WESTBROOK — Complaints still rolled in, but Rock Row officials claim improvements in controlling the noise from a concert at Maine Savings Pavilion Saturday.

Rock Row reported roughly 200 complaints, with 130 calls made to their noise compliance hotline and another 30 or so each to the Portland and Westbrook police departments. That number was down modestly from the 247 complaints that came in after the first concert May 26.

“We don’t know how many people may have called back numerous times, we don’t have the unique call numbers yet,” Rock Row’s community liaison Lynda Adams said Monday. “(We are) compiling that data, we should have the numbers total by Wednesday, with our show Thursday we want to know where we stand.”

The indie rock bands Young the Giant and Fitz and The Tantrums are scheduled to perform at the pavilion Thursday.

On Saturday, sound monitors were placed throughout neighborhoods where complaints came from during the first show, with a roaming monitor that could actively measure problem areas as calls came in.

“People that called and complained, we specifically went to their street and took readings minutes after they called, and they were often the lowest of the night,” Adams said.

Adams noted that both this concert and the previous one never went over the sound limit of 55 decibels in the neighborhoods surrounding the venue.

“We don’t know what else to do, but we will try. We have people complaining, we go there, and it’s a low reading, what does that mean,” Adams added.

On top of active monitoring, Rock Row officials also changed the set-up of the stage to mitigate noise.

“Speakers were hung less high and angled differently to be more into the crowd,” Waterfront promoter Alex Gray said.

Subwoofers were also placed on the stage as opposed to the ground, to reduce vibrations.

Further, Waterfront’s acoustician isolated problematic frequencies that are often complained about, in order to remove them from the sound.

Frequencies such as 63 Hz tend to rattle windows and be more problematic, but it’s too early after the show to really tell if that made a difference, Waterfront manager Jon Dow said.

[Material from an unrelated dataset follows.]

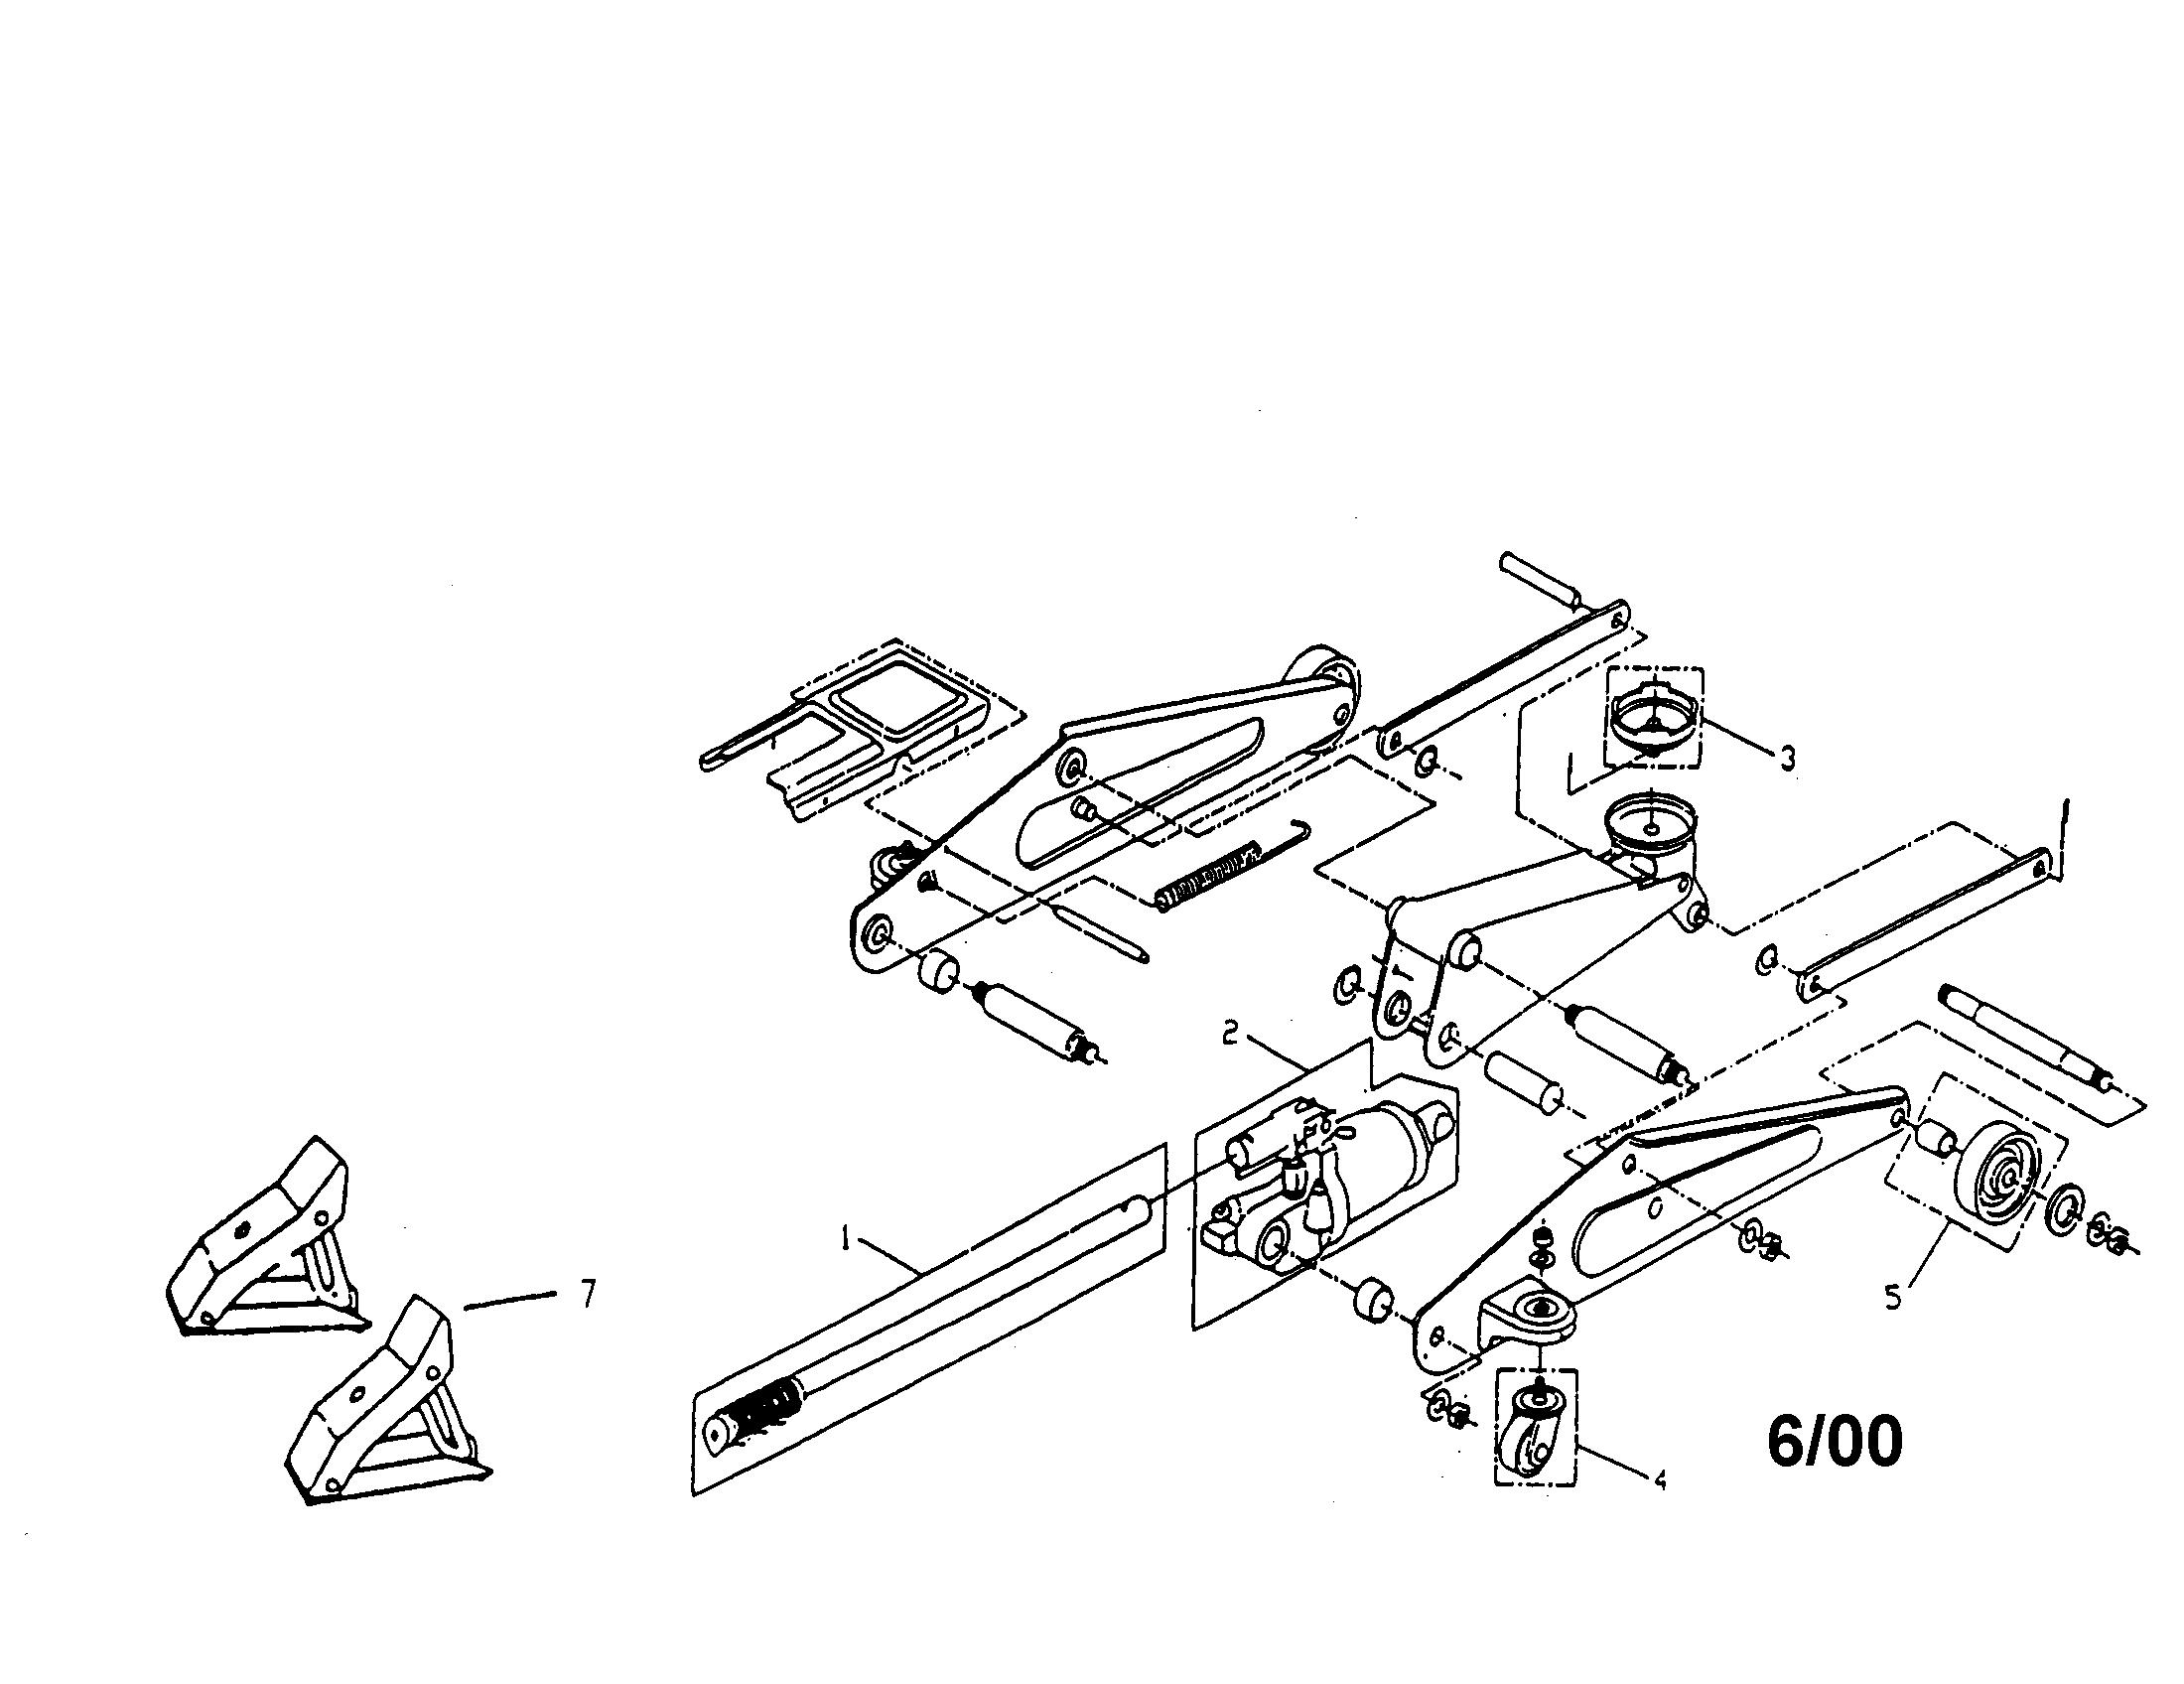 Craftsman model 21412114 jack hydraulic genuine parts
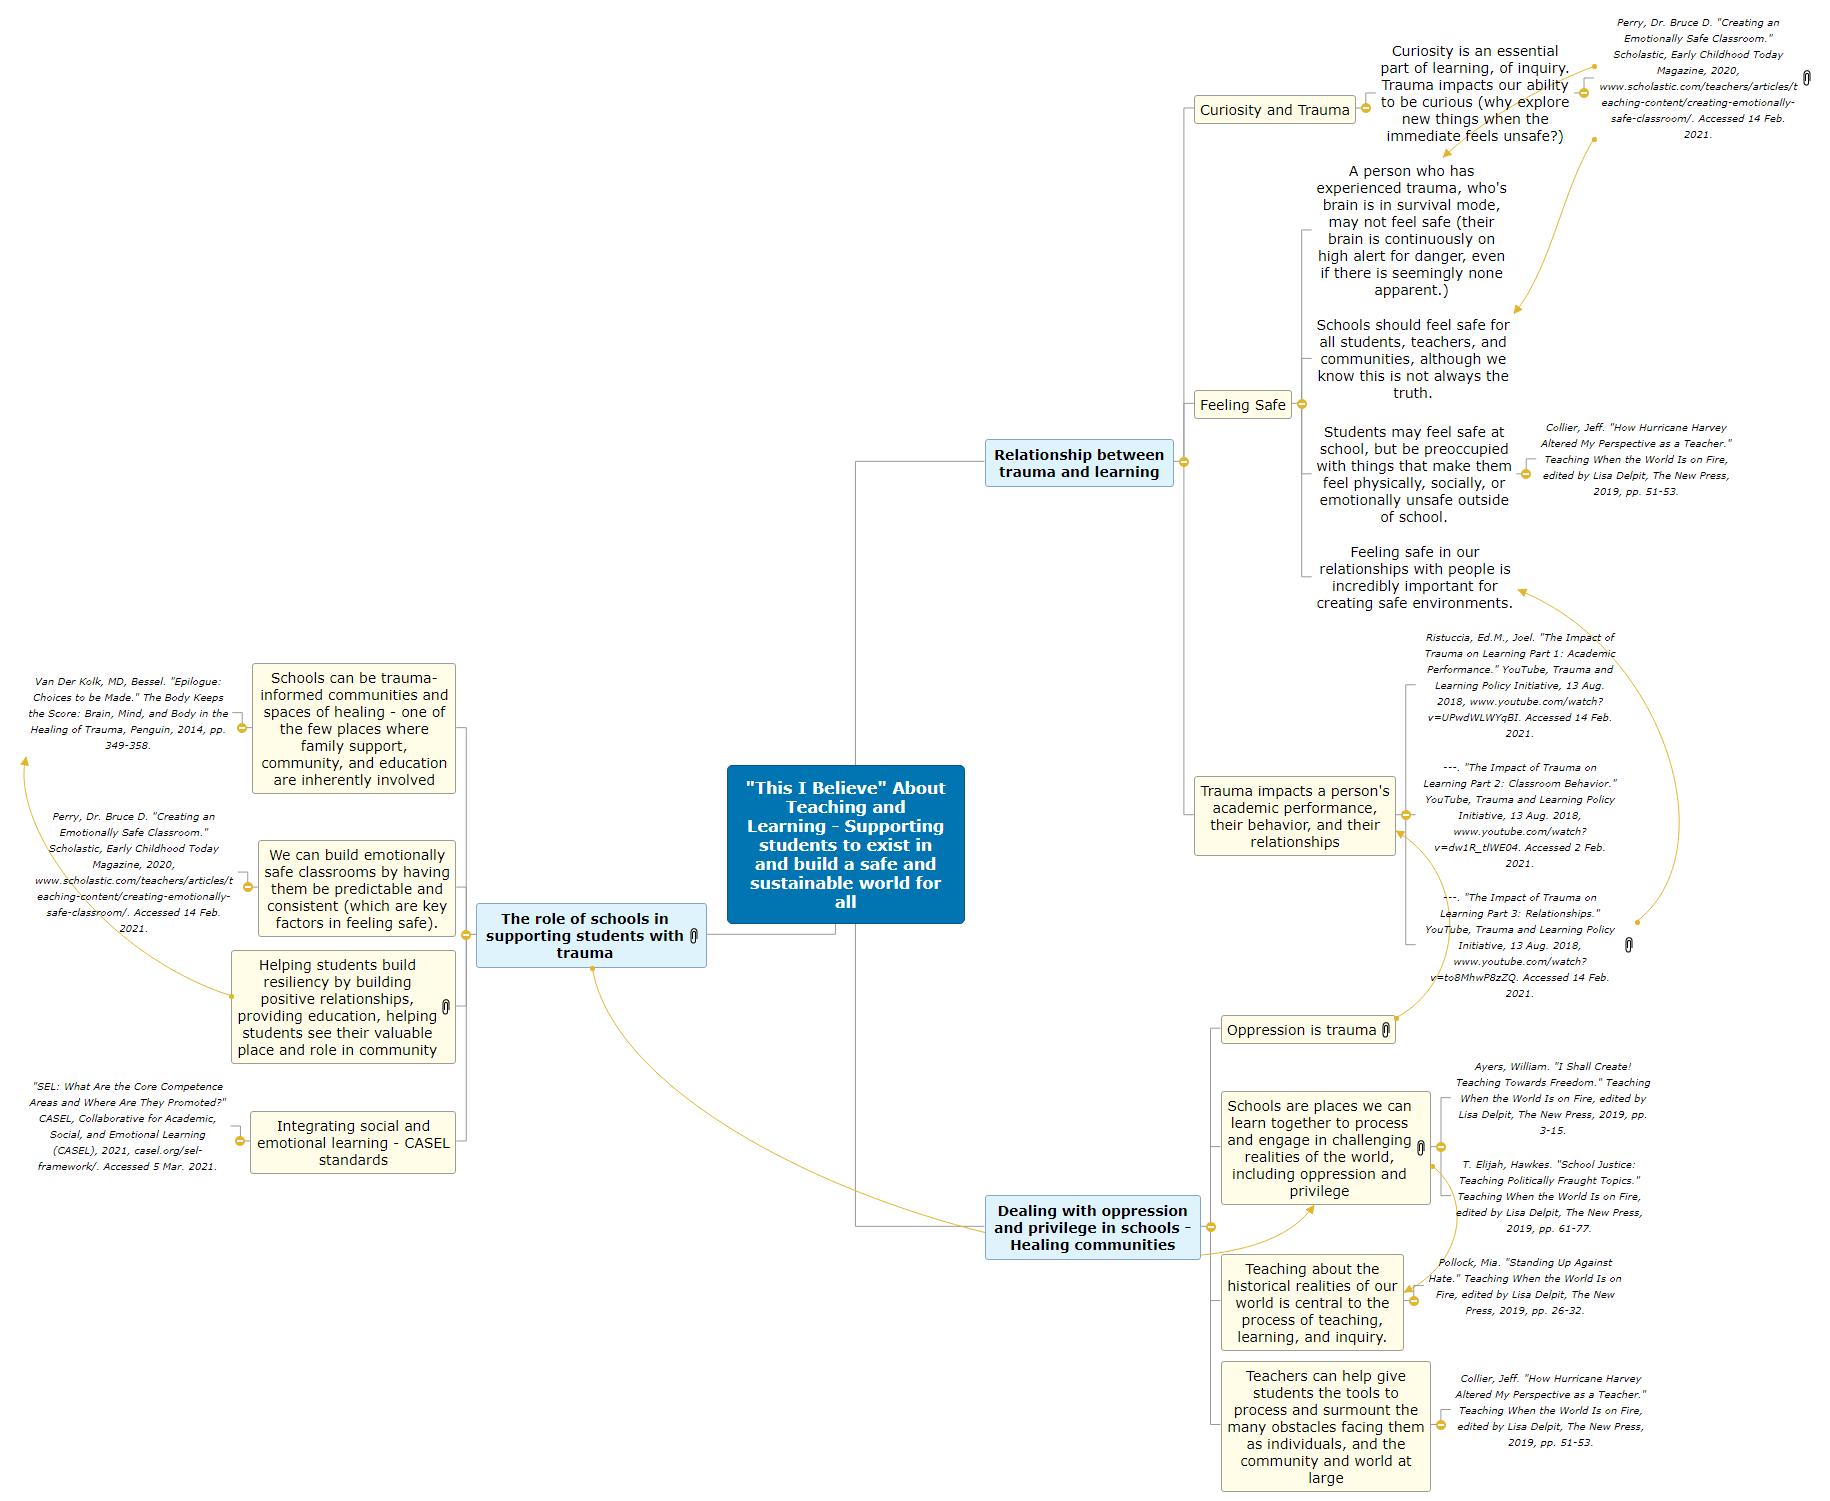 RWoodard_This I Believe_MindMap Mind Map

This touring group, Slightly Stoopid, was also further along in its tour than the groups that performed on May 26, meaning the artists and their sound people had more time to figure out what they were working with, Gray said. The Anderson .Paak tour, however, just began, meaning their own people had sound kinks to work out as well.

Part of why it takes a long to understand the data is that complaint calls were not centrally made to the Rock Row noise line, but to area police. Police are requesting that noise complaint calls in regards to the show stay on the Rock Row hotline.

“If they are calling 911 it is not getting to the right point of contact to log everything and be able to make the best accurate assessment as to what neighborhoods are being negatively impacted from the noise,” Westbrook Police Chief Janine Roberts said.

A high number of calls about the concert also clogs up the dispatch lines.

“For purposes of public safety, when our dispatch is handling incoming calls about noise, they are not as quick or responsive to other requests of other public safety needs,” Roberts said.

While complaint calls were made, some residents did not mind the noise, or felt it was hardly noticeable.

“We haven’t heard a thing,” Rick Todd said, a Westbrook resident on Colonial Drive, where a high number of complaints originated during the first show.

“Our neighbors here can have way louder parties, this is hardly noticeable,” Todd said while the show was going on.

Concertgoers certainly appreciated the new 8,200-seat venue, which provides easy access with free parking to large acts without having to struggle for parking like venues in neighboring Portland.

“I’d definitely come back again. Free parking is great and no venues really have that here,” concertgoer Keanu Lewey, of Bangor, said.

“Outside is great too, it’s so nice out it isn’t as good being stuck inside,” his friend Nick Nadeau said. “We wouldn’t be in town otherwise, this place is why we came.”

“I came for Slightly Stoopid, but there are other concerts here later I am looking at too,” concert goer Marccus Sapiel said.

Police are asking for complaints to be directed to Rock Row by calling 558-6007.

Chance Viles can be reached at 780-9092 or [email protected] Follow Chance on Twitter: @chanceviles.

Concertgoers enjoy themselves at the Maine Savings Pavilion Saturday.

Matisyahu performs in Westbrook, in support of Slightly Stoopid, Tribal Seeds and Hirie.

Hirie opens the show right around 6 p.m. Saturday at the Maine Savings Pavilion at Rock Row. The subwoofers can be seen on the left side of the stage, in contrast to being on the ground at the last show.

Saturday’s show drew an older audience overall, with families in the mix, and had lower attendance than the first show, according to Row Row community liaison Lynda Adams.

Hirie opened up the show Saturday. The concert heavily featured reggae and dub artists Matisyahu, Tribal Seeds and Slightly Stoopid.